KASETLERİN ÜZERİNDE TEK ŞEY YAZIYORDU
Yüzbaşının kızı S. F. babasının vefatından sonra özel kasasını açmış ve kasa içerisinde üç zarf bulmuştur. Zarfların bir adedinde siyah beyaz fotoğraflar başka ikisinde ise kayıp gazeteci H. B.’ye ilişkin bir not defteri, 1989 yılına ilişkin gazete kupürleri ve üç adet görüntü kaset vardı. Kasetlerin üzerinde yazan tek şey; “Karadedeler Olayı 1989″du.

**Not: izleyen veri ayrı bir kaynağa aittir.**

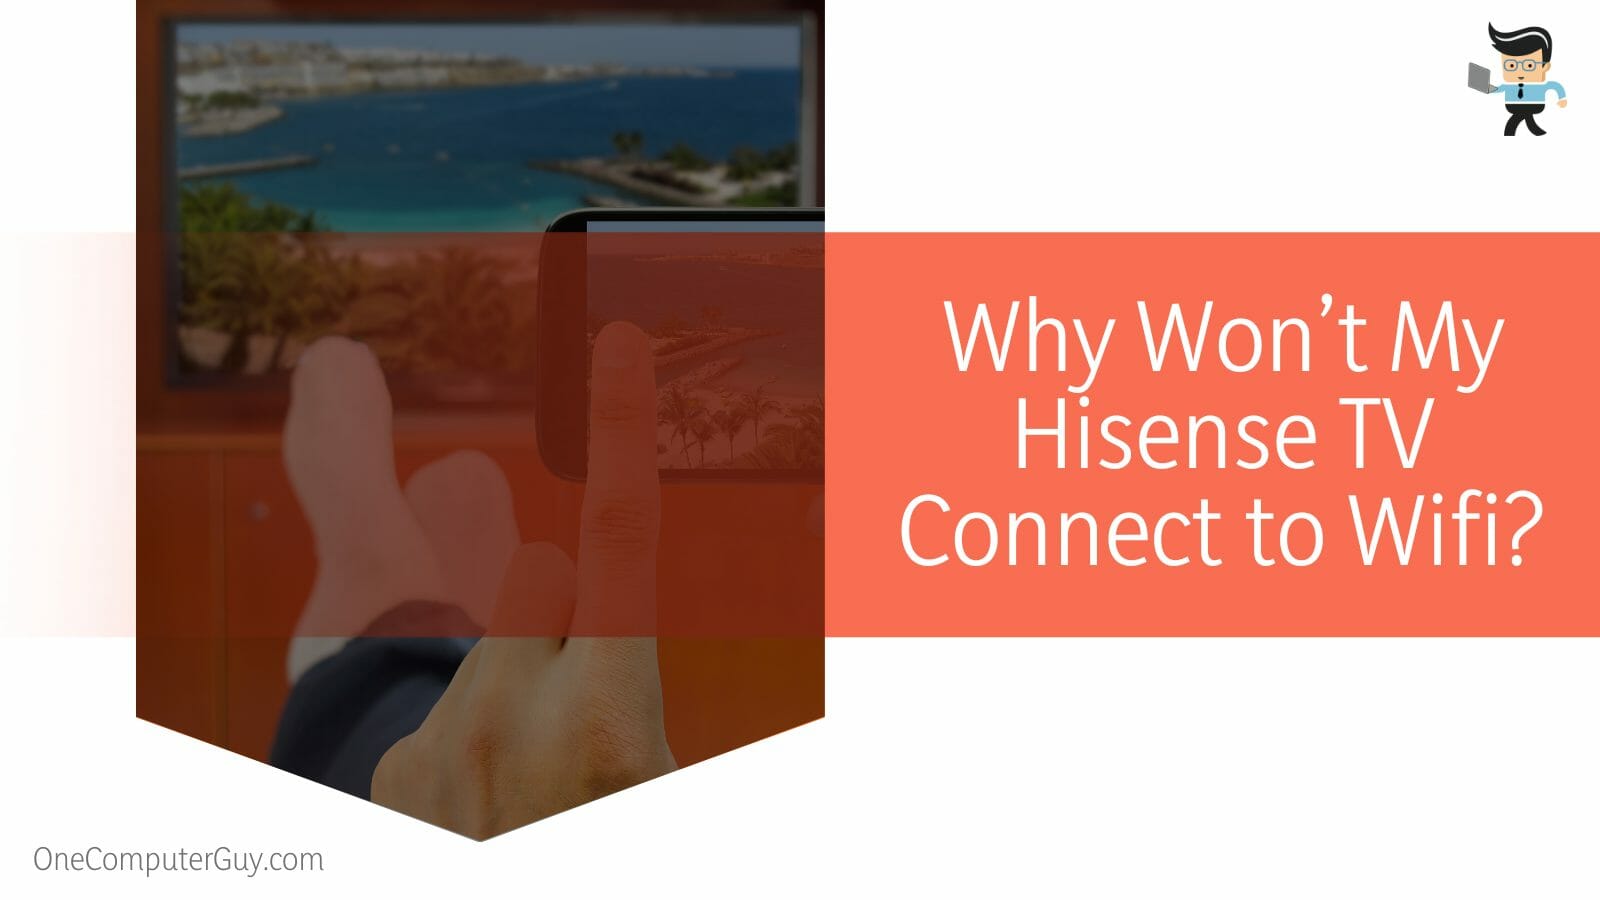 My Hisense TV Connect to Wifi

KASETLERİ SATMAK ZORUNDA KALDI
Birinci görüntü kayıtları H. B’nin köylüler ile röportajını, ikincisi ise H. B’nin babası tarafından sorgulanmasını içeriyordu. Üçüncü ve son görüntü ise köylü çocuğun çektiği imajlardan oluşuyordu. S. F.’nin kasetlerin şokunu üzerinden atması birkaç yıl sürmüş, 2009 yılında ise maddi zorluğa düşerek kasetleri satmak zorunda kalmıştır.
KÖY MUHTARI İSYAN ETTİ
Tüm bu olayların akabinde 2011 yılında da Karadedeler Olayı’nın sineması yapıldı. Lakin eski köy muhtarı Ali Osman Karagöz ve yeni köy muhtarı Cevdet Ayas’ın argümanına nazaran bu yaşananların hepsi, köyün ismini berbata çıkardı. Hatta iki muhtar da yaşananların gerçek dışı olduğunu herkese duyurmak ismine hukuksal süreç başlattı.
“ŞİKAYETLERDEN BİR SONUÇ ÇIKMADI”
Köylerinde yaşandığı argüman edilen olay hakkında konuşan Davutlu Köyü Muhtarı Cevdet Ayas, “Bu yaşananlar köyümüzün ismini berbata çıkardı. Şahsen savcılığa ve CİMER’e şikayette bulundum. Lakin şu ana kadar bir gelişme yaşanmadı” dedi.
“GECELERİ KABLOLARI KESİYORLAR”
Ayas, geceleri köye giren bireylerin kamera kablolarını kestiğini belirterek, “Geceleri burada bir sürü insan yakalıyoruz. Gelip köyün kamera kablolarını kesmişler. Ben yakalayıp karakola götürdüm. Bunları yapanlar da bilhassa gençler” diye konuştu.
“İSTANBUL’DA YAŞAYAN VATANDAŞIN KONUTUNU HARAP ETTİLER”
Ayas, geceleri meskenlere girildiğini tabir ederek, “Geceleri köylüler rahat uyuyamıyor. Dışarıda daima beşerler geziyor, görüntü çekmeye çalışıyorlar. Geçenlerde İstanbul’da yaşayan ve meskeni kapalı olan bir köylünün konutunu dağıtmışlar” biçiminde konuştu.